(Activity) Give back each line of the data exactly as it reads, minus the pictures.

(Available data)
*** Block opens ***
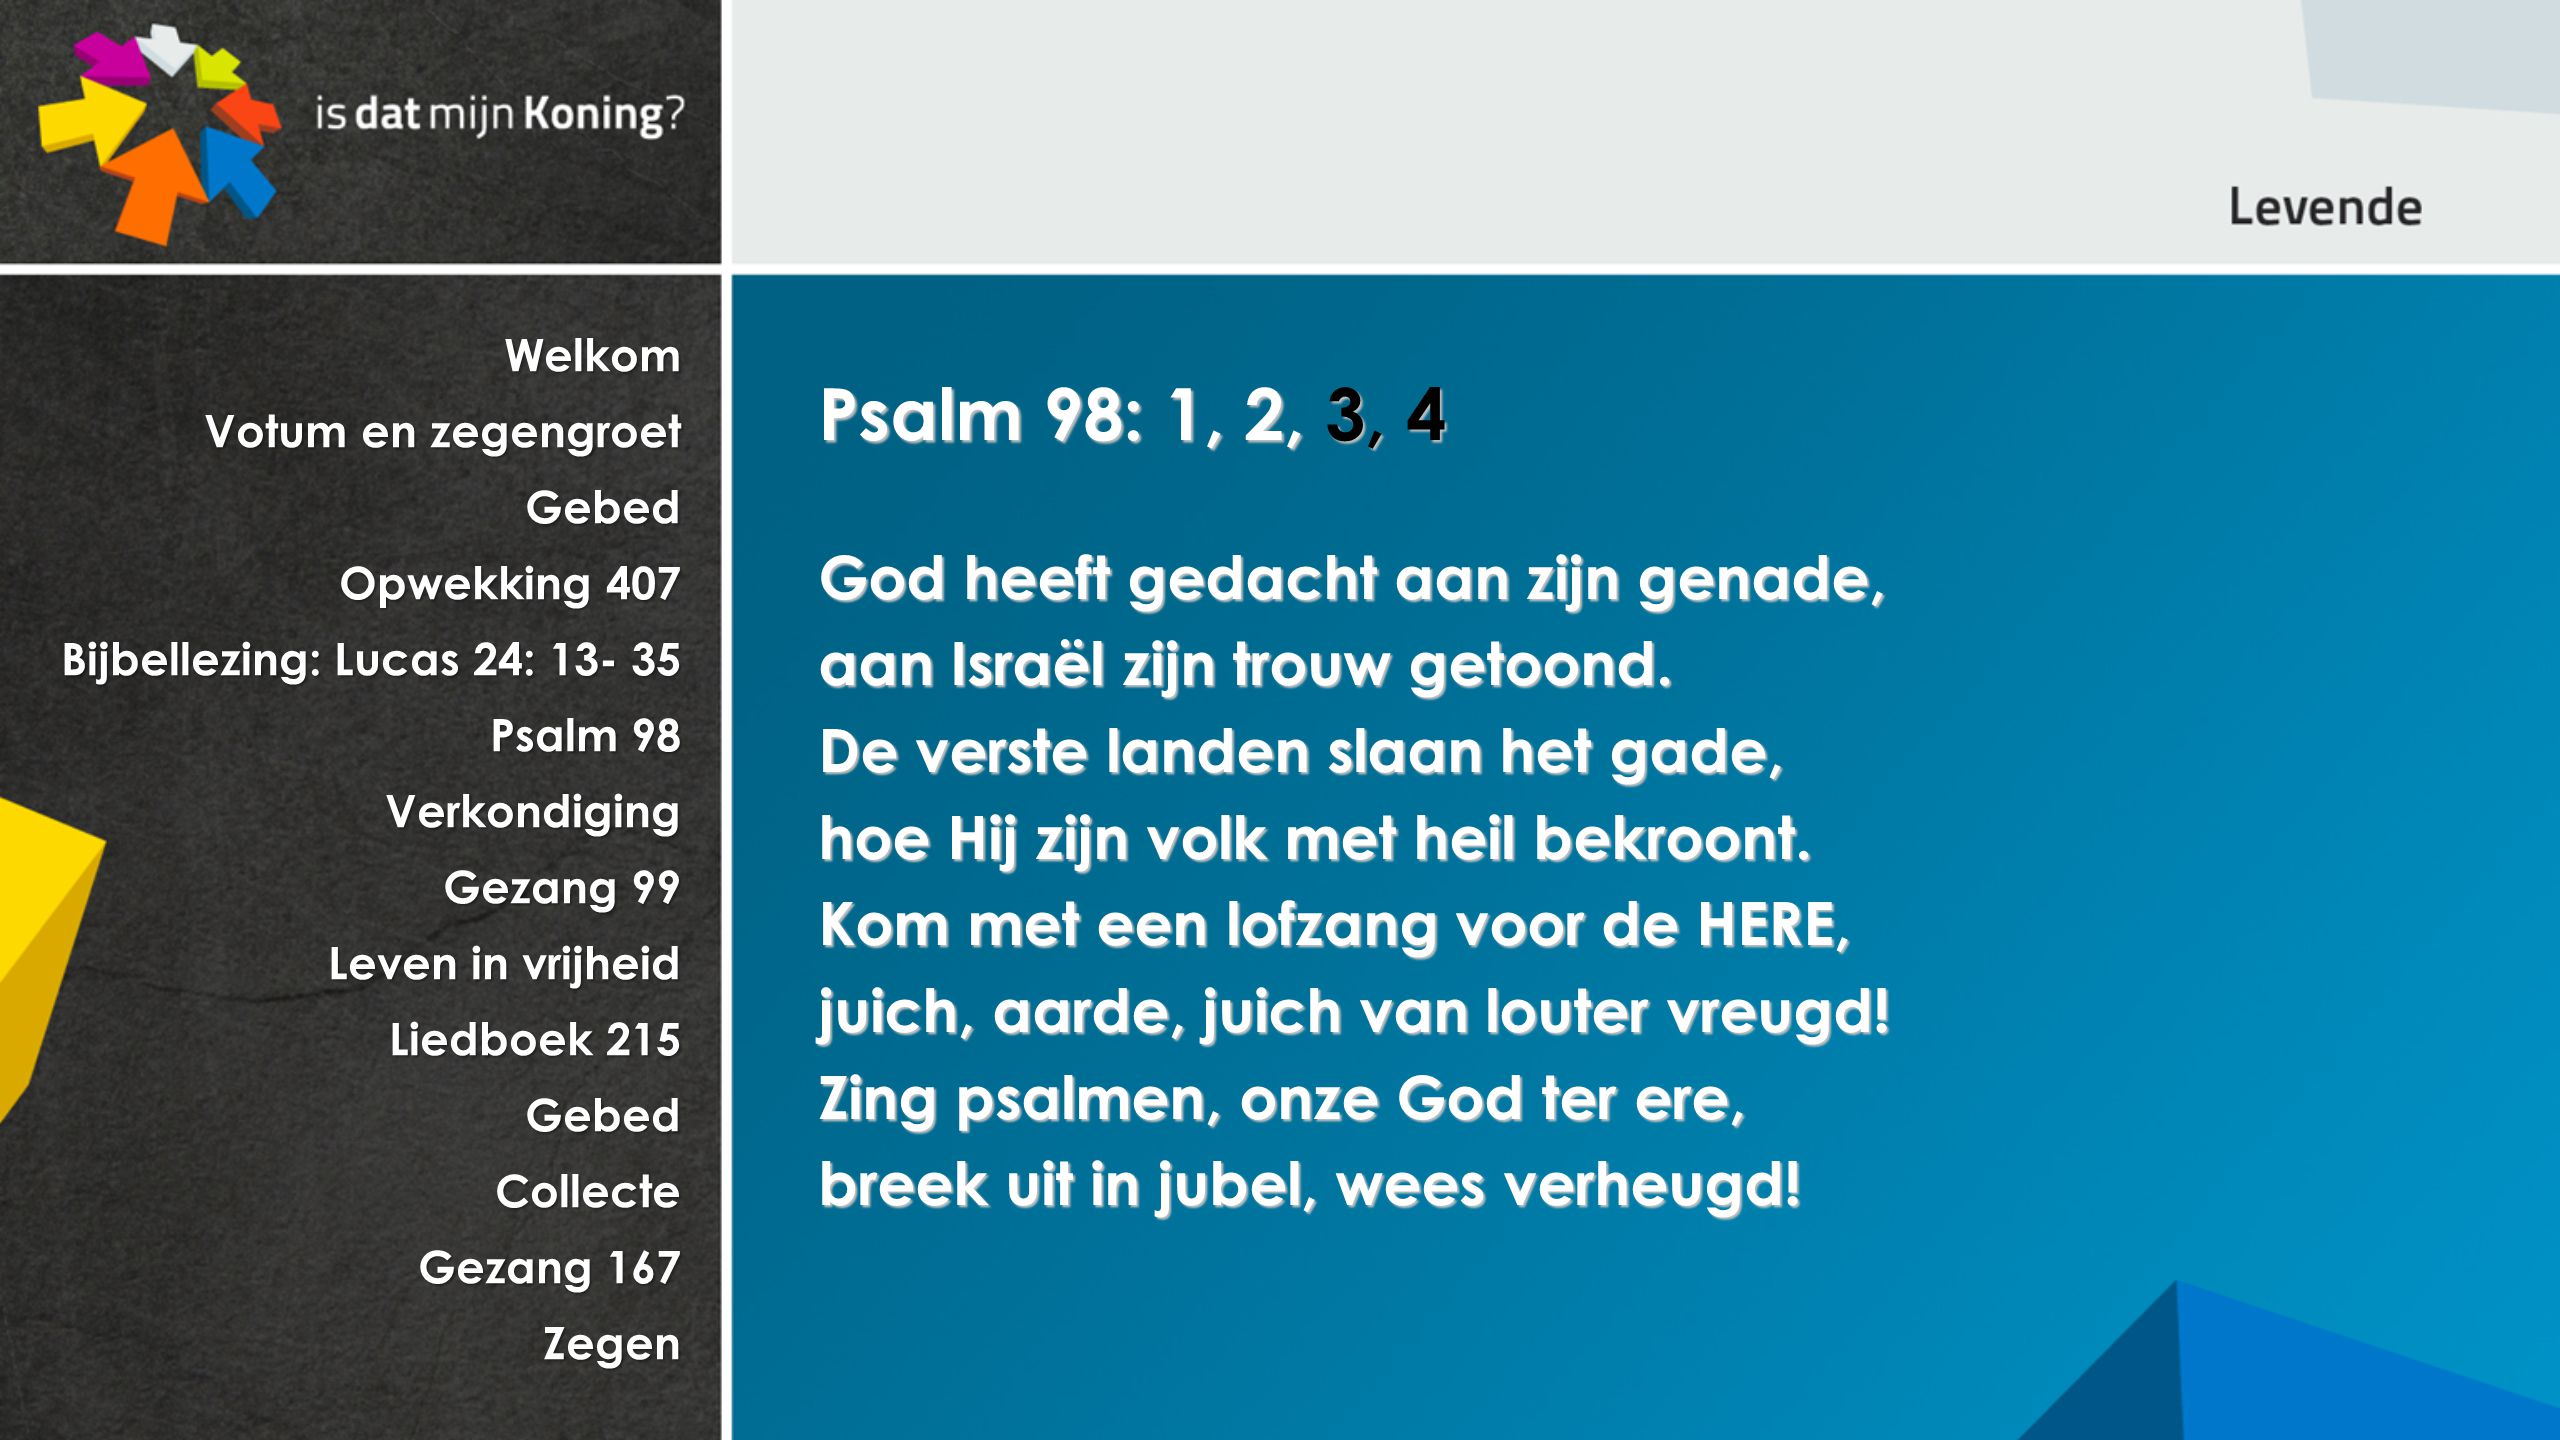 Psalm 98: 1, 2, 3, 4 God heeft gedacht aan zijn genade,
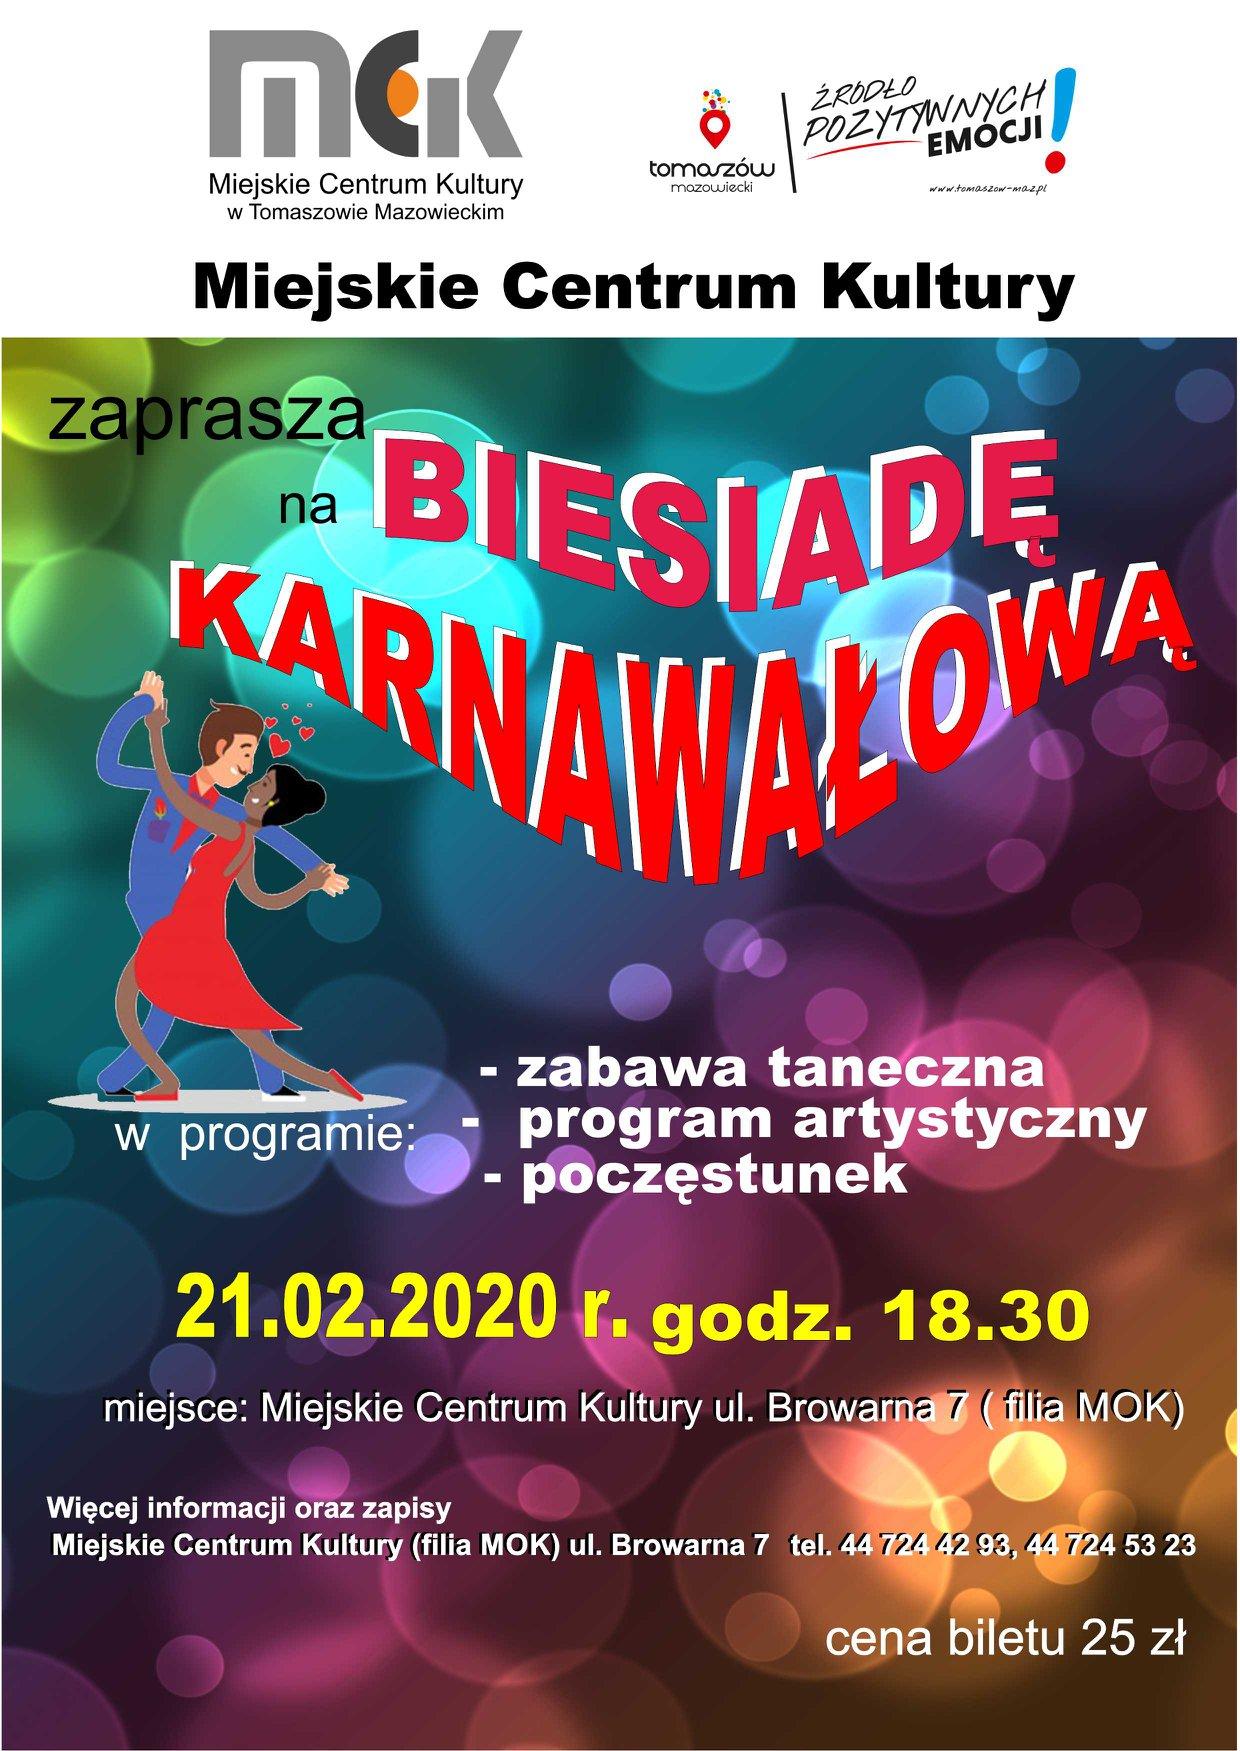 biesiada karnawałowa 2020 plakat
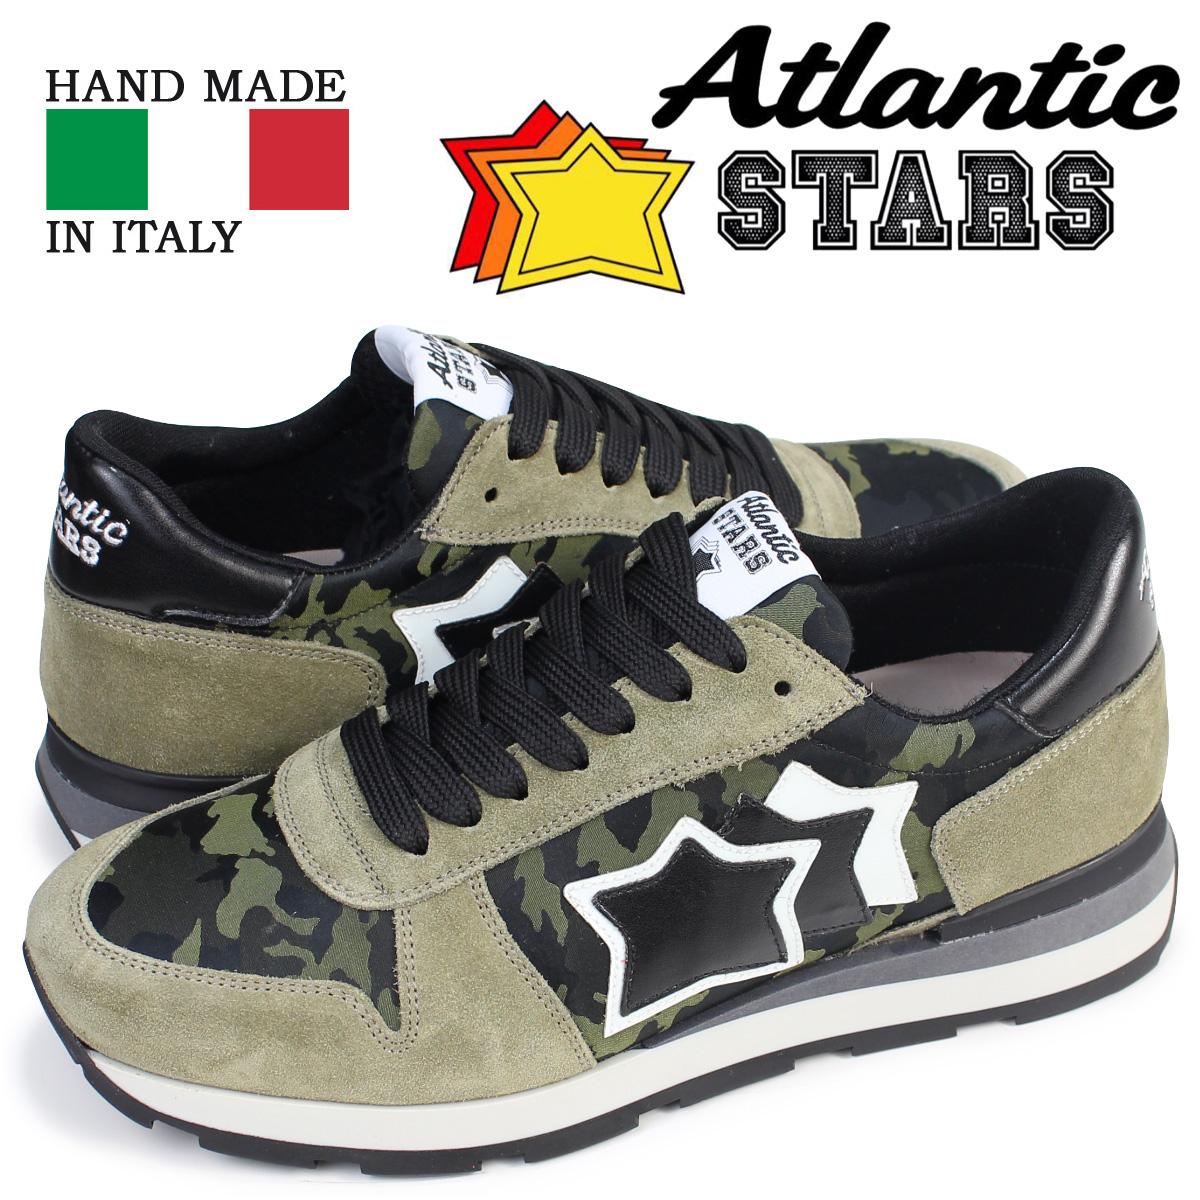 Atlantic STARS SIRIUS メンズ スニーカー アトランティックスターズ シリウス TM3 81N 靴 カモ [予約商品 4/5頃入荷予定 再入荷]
*** Block closes ***
(Answer to this problem)
 Psalm 98: 1, 2, 3, 4 God heeft gedacht aan zijn genade,
 biesiada karnawałowa 2020 plakat
 Atlantic STARS SIRIUS メンズ スニーカー アトランティックスターズ シリウス TM3 81N 靴 カモ [予約商品 4/5頃入荷予定 再入荷]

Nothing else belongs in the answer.